Companies and investors have spent billions of dollars building AI. Currently used LLM models such as GPT-4o have already cost hundreds of millions of dollars to train, and the next generation models have already begun to be developed, which will cost as much as $1 billion. However, Goldman Sachs, one of the world’s leading financial institutions, is questioning whether these investments will be profitable.
Venture capital firm Sequoia Capital recently looked at AI investments and calculated that the industry as a whole would need $600 billion in annual revenue to recoup its initial investment. So with big companies like NVIDIA, Microsoft, and Amazon spending billions to get ahead in the AI race, Goldman Sachs interviewed several experts to ask them whether investing in AI actually pays off.
The expert opinions in the Goldman Sachs report are currently split into two camps: one group is skeptical, stating that AI will bring limited benefits to the US economy and will not solve complex problems more economically than current technologies, while the other group believes that the capital spending cycle for AI technologies is promising and similar to what previous technologies have gone through.
MIT professor Daron Acemoglu estimates that generative AI will have a limited impact on the economy, boosting productivity by about 0.5% and increasing GDP output by 1%. That contrasts with the predictions of economists at Goldman Sachs, who projected a 9% increase in productivity and a 6.1% increase in GDP. He adds that while AI technology will eventually evolve and become less expensive, he’s not convinced the current trend of pumping more data and computing power into AI models will make the vision of artificial general intelligence a reality any sooner.
“Human cognition involves many types of cognitive processes, sensory inputs, and reasoning capabilities. Today, large-scale language models (LLMs) have proven to be better than many expected, but it still takes a big leap to believe that an architecture that predicts the next word in a sentence will achieve the same intelligent capabilities as HAL 9000 did in the 20th century. 2001: A Space Odyssey“It’s almost certain that current AI models will not be able to achieve anything close to this feat within the next decade,” Acemoglu said.
The report’s dissenting voice comes from Goldman Sachs senior equity research analysts Kash Langan and Eric Sheridan, who say that while payback on AI investments is taking longer than expected, it should eventually pay off. Langan said, “Every computing cycle follows a progression called IPA: first infrastructure, then platform, and finally applications. The AI cycle is still in the infrastructure building phase, so it will take time to find the killer application, but we believe we will get there.”
“This capital spending cycle looks more promising than previous ones because it’s driven by incumbents rather than startups, which reduces the risk that the technology won’t go mainstream,” Sheridan added. [like Microsoft and Google] “We have abundant capital, an extremely low cost of capital, and access to a large distribution network and customer base, which allows us to experiment with how capital ultimately pays off.”

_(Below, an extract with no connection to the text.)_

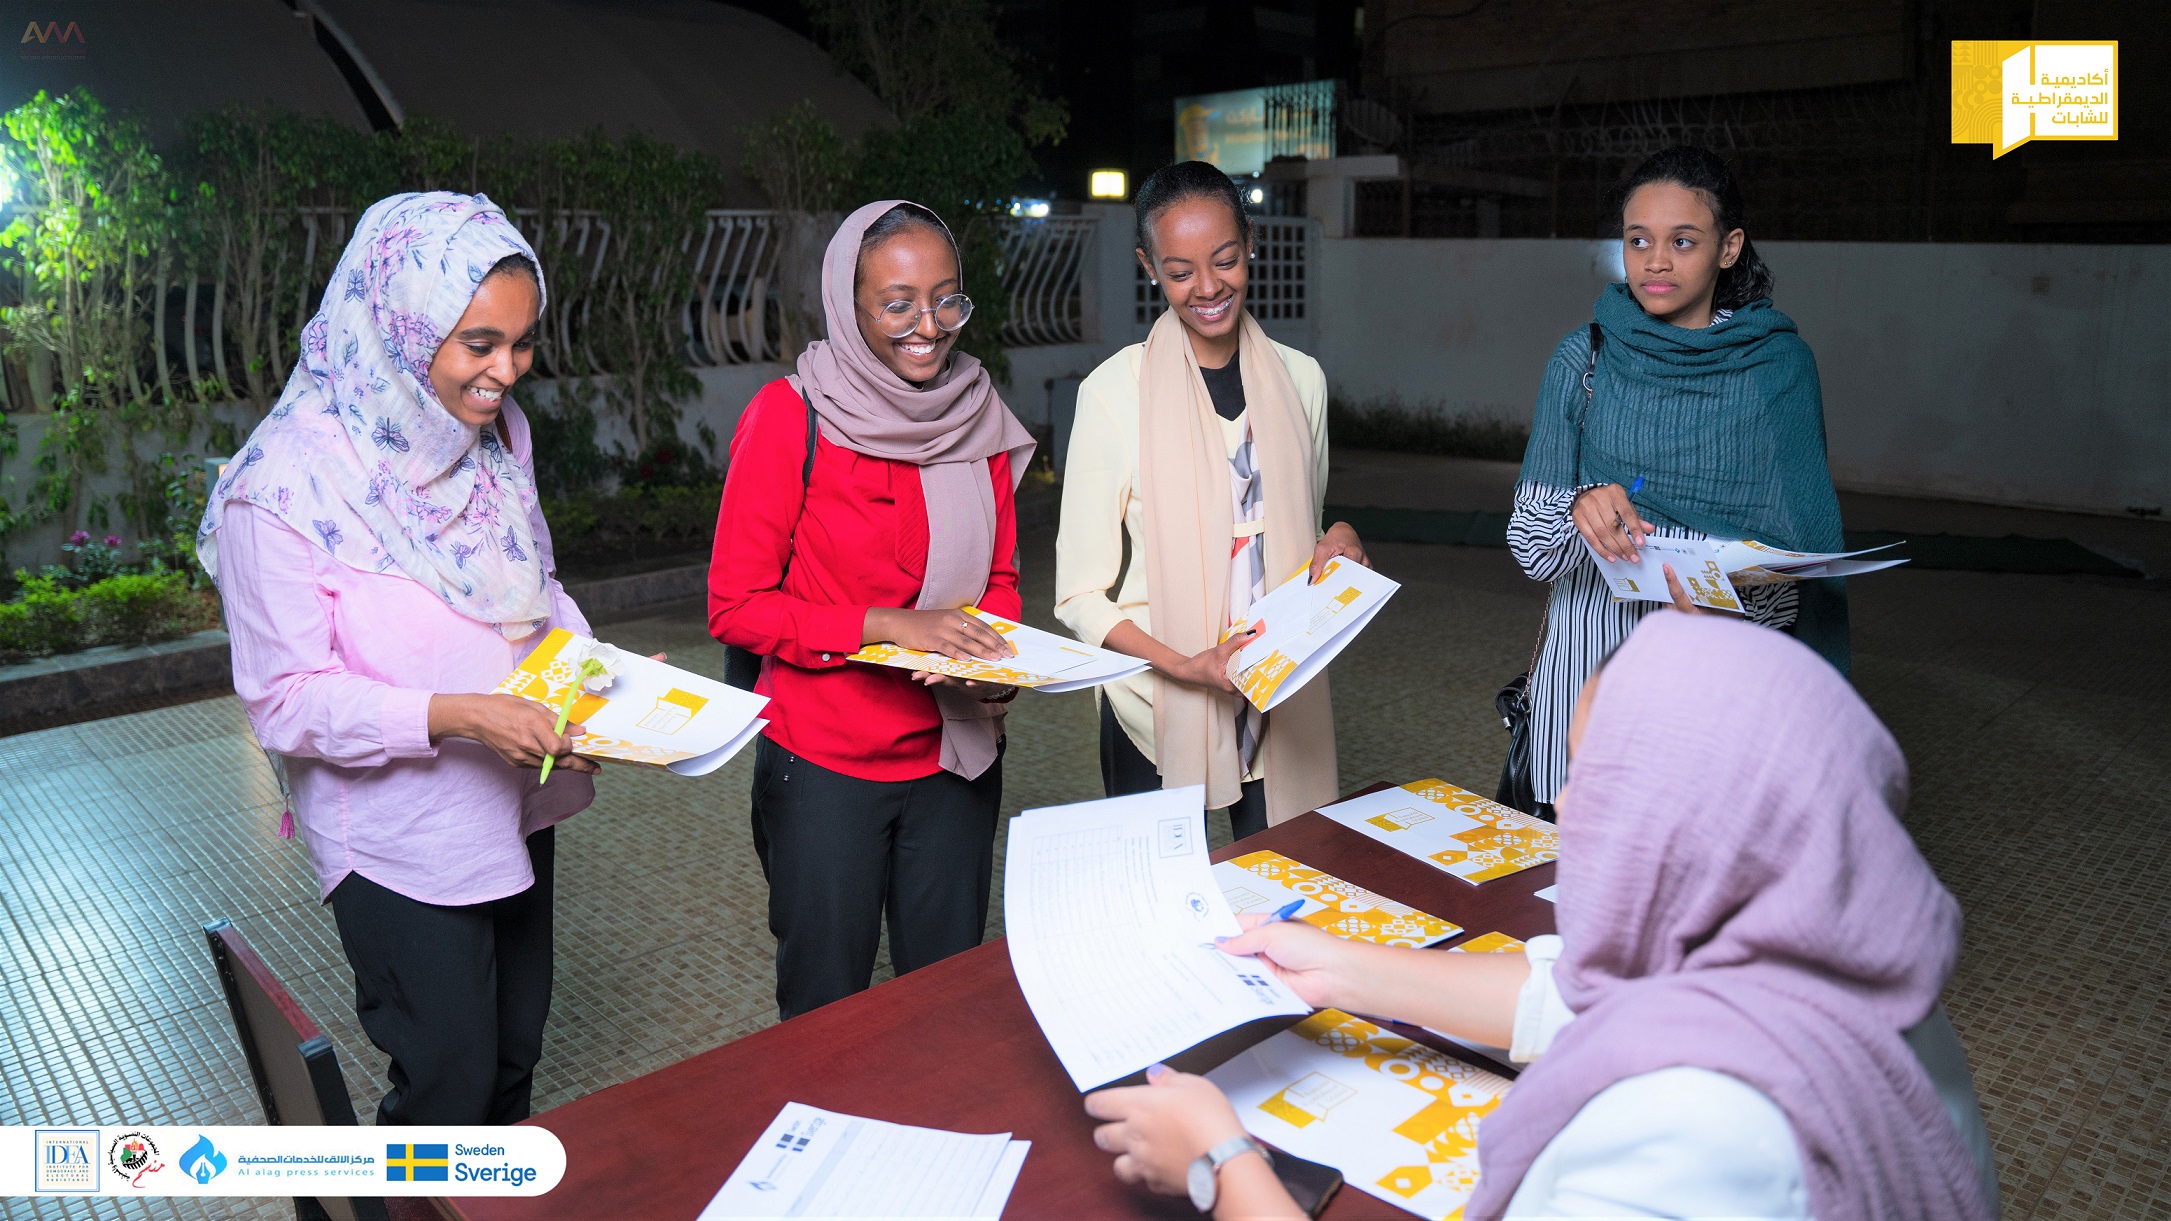 Participants of the academy during registration. Khartoum, Sudan by International IDEA 

Despite these two objections, Goldman Sachs recognized two of AI’s challenges: chip availability and power availability. The AI GPU crisis appears to be over, primarily because Nvidia can now deliver chips with a two- to three-month lead time, compared to the 11 months it previously took.

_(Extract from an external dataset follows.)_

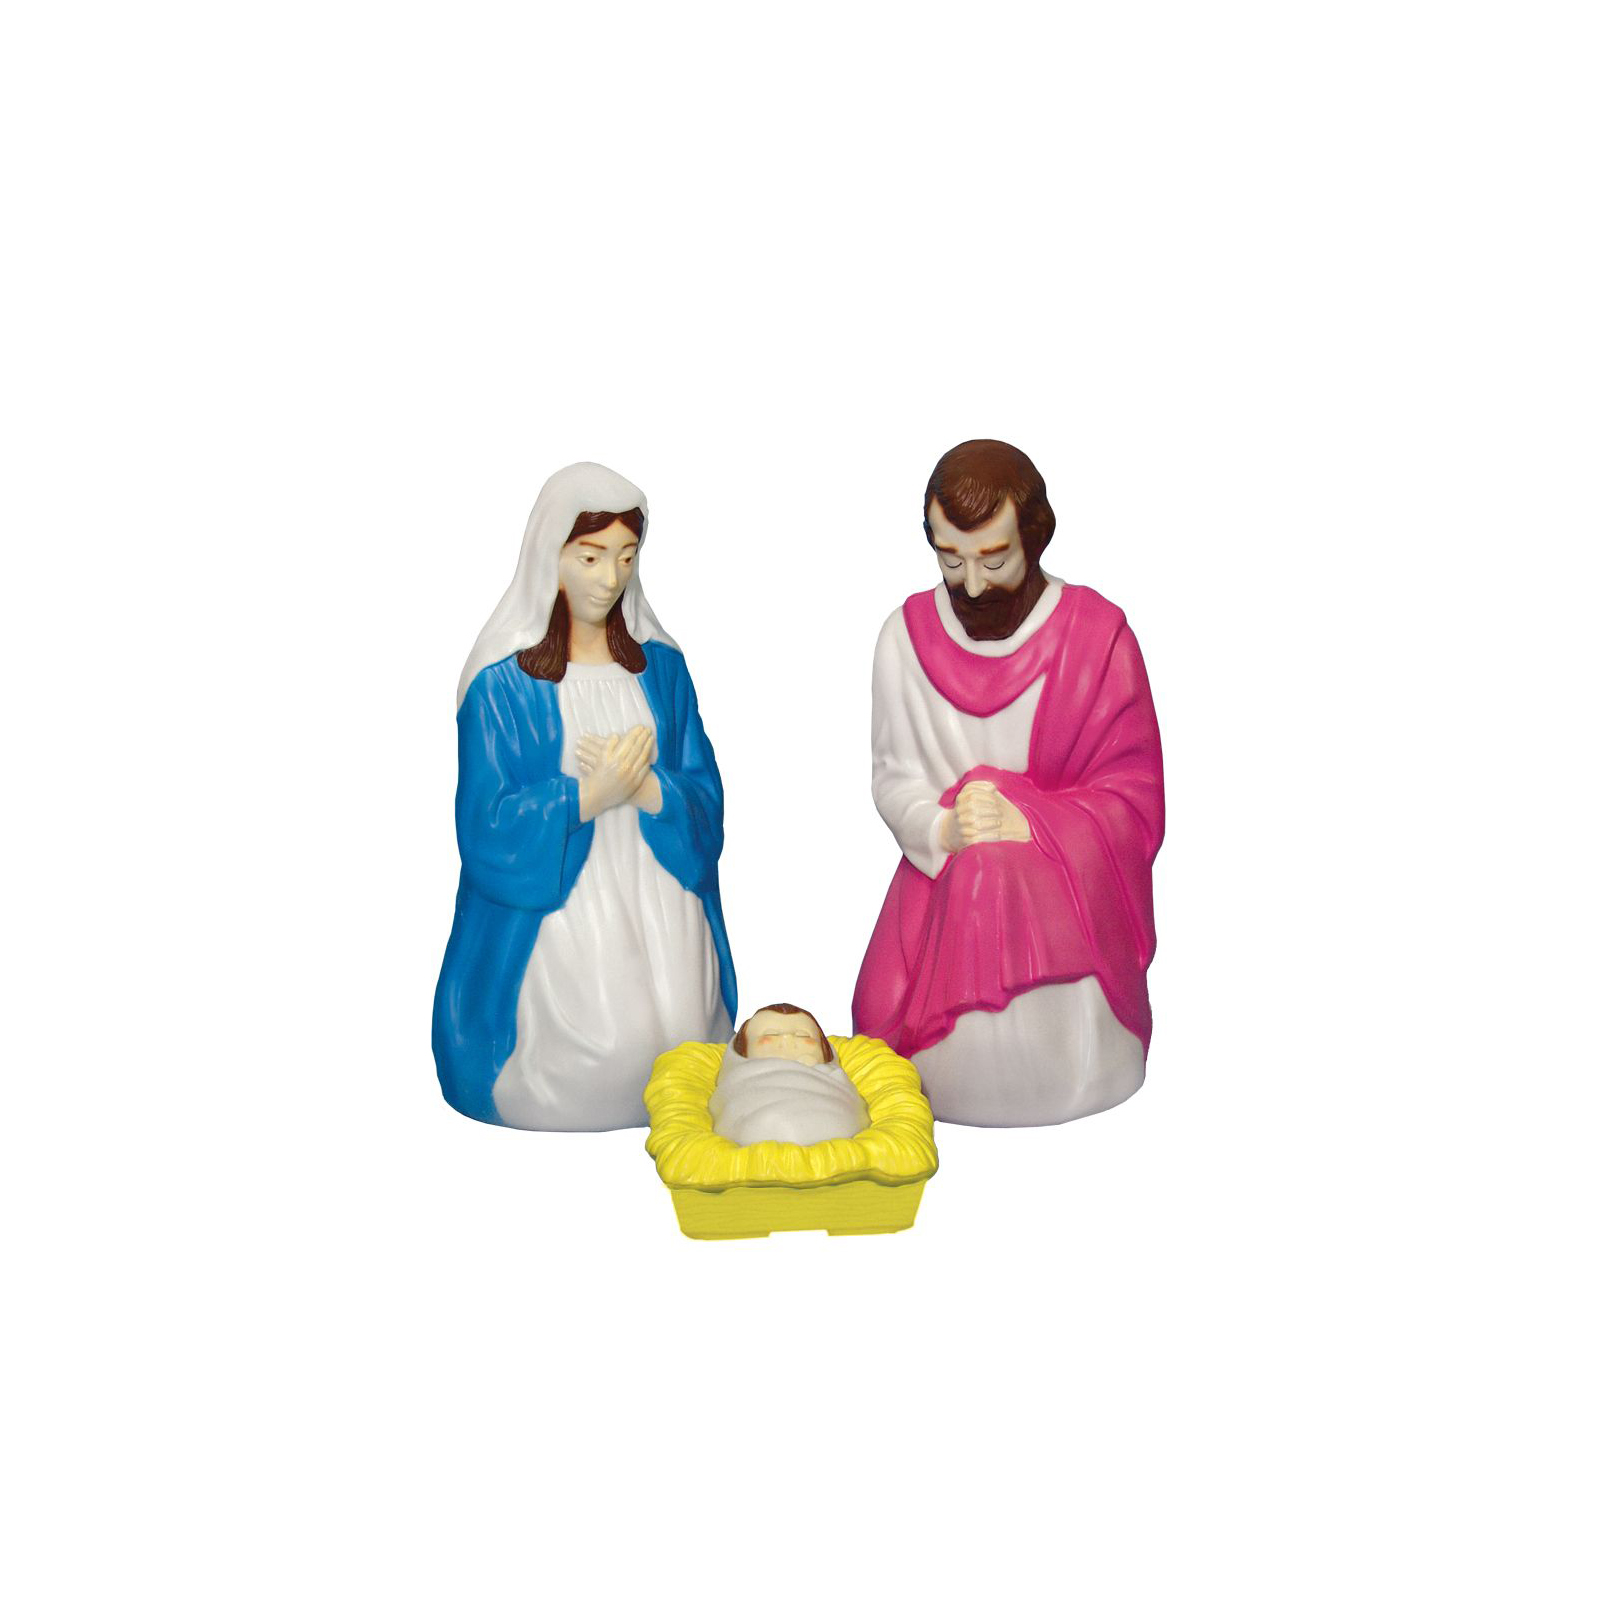 General Foam Plastics 3-Piece Lighted Outdoor Christmas Nativity Scene.

However, data center power consumption is now the main limiting factor, especially as AI GPUs become increasingly power-hungry. A single modern AI GPU can consume up to 3.7MWh of power per year, and it is estimated that every GPU sold will consume up to 3.7MWh of power per year. Just last year It consumes enough electricity to power more than 1.3 million average U.S. homes, and major companies have begun considering modular nuclear power plants to ensure they can provide the power they need for their massive AI data centers.
Only history will tell whether AI will boom like the internet and e-commerce, or fade like 3D TV, virtual reality, and the metaverse. But either way, AI development is expected to continue. Goldman Sachs said, “We believe there is still room for the AI theme to evolve, either as AI begins to deliver on its promises or as the bubble takes a long time to burst.”